Modeling Potential Dhole Distribution or Habitat
We modeled potential dhole distribution and habitat suitability in Bhutan using MaxEnt program version 3.4.3 (Phillips et al., 2020) which uses a widely employed maximum entropy method of modeling species distribution based on presence-only data (Phillips et al., 2006). In MaxEnt, georeferenced occurrence points of a target species are associated with environmental variables to yield a spatial layer representing the most widespread probability of its presence, given constraints imposed by these environmental layers (Elith et al., 2011). The resulting layer also constitutes a habitat suitability layer of a species and depicts its realized niche, which is a subset of its fundamental niche (Phillips et al., 2006). MaxEnt modeling was chosen because our dataset solely comprised dhole presence points, thereby, precluding the use of a boosted regression tree based on additional absence data (Yu et al., 2020) and species occupancy modeling based on repeated surveys (MacKenzie et al., 2006).

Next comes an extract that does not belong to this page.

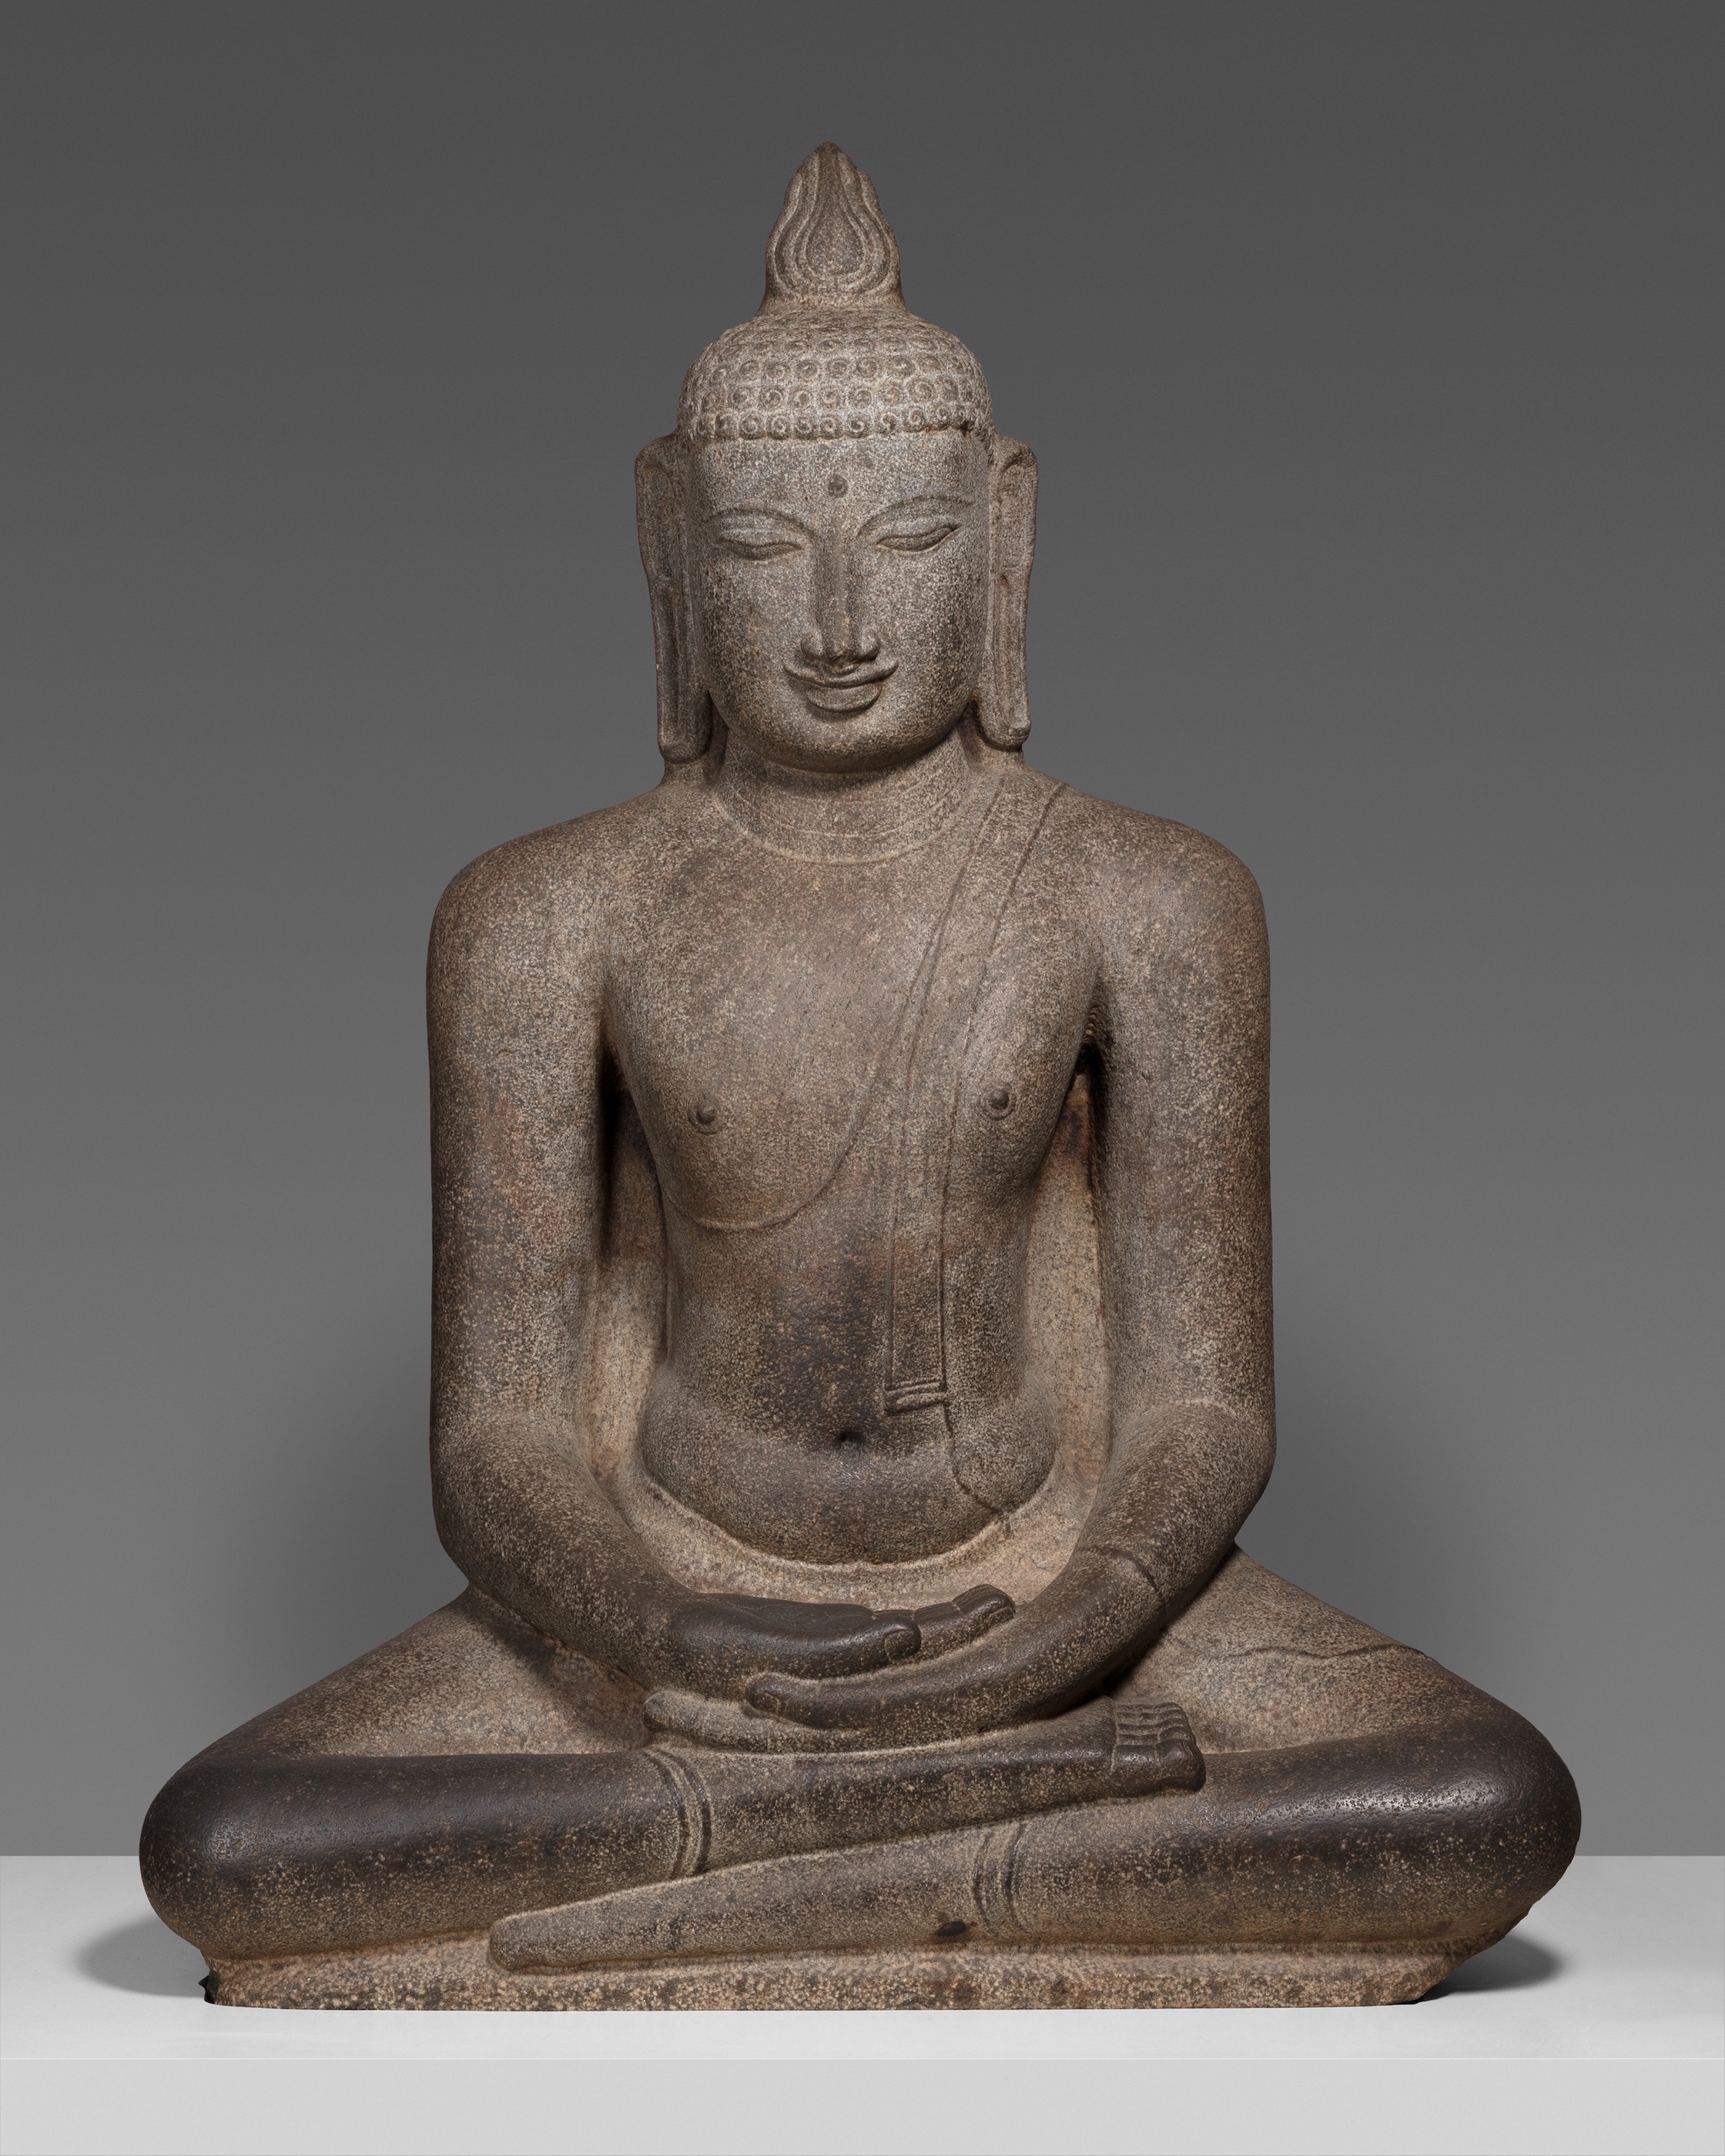 Buddha Shakyamuni Seated in Meditation (Dhyanamudra) by Unknown Artist - about 12th century - 160 × 120.2 × 56.3 cm Art Institute of Chicago

We utilized a database of 721 georeferenced dhole occurrence points in Bhutan from 2014 to 2019 based on cumulative pooling of dhole records from: (a) a 2014–2015 nationwide camera trapping survey on tigers (Thinley et al., 2015) up to 4,500 m a.s.l.; (b) a 2015–2016 nationwide camera trapping survey on snow leopards (Lham et al., 2016) between 3,500 and 5,500 m a.s.l.; (c) camera trap and sign surveys across protected areas between 2014 and 2019; (d) SMART (Spatial Monitoring and Reporting Tool) patrolling reports submitted by wildlife personnel between 2015 and 2019; and (e) camera trapping of wildlife in catchment studies (Thinley et al., 2020) in Wangchu and Kholongchhu sub-basins between 2018 and 2019.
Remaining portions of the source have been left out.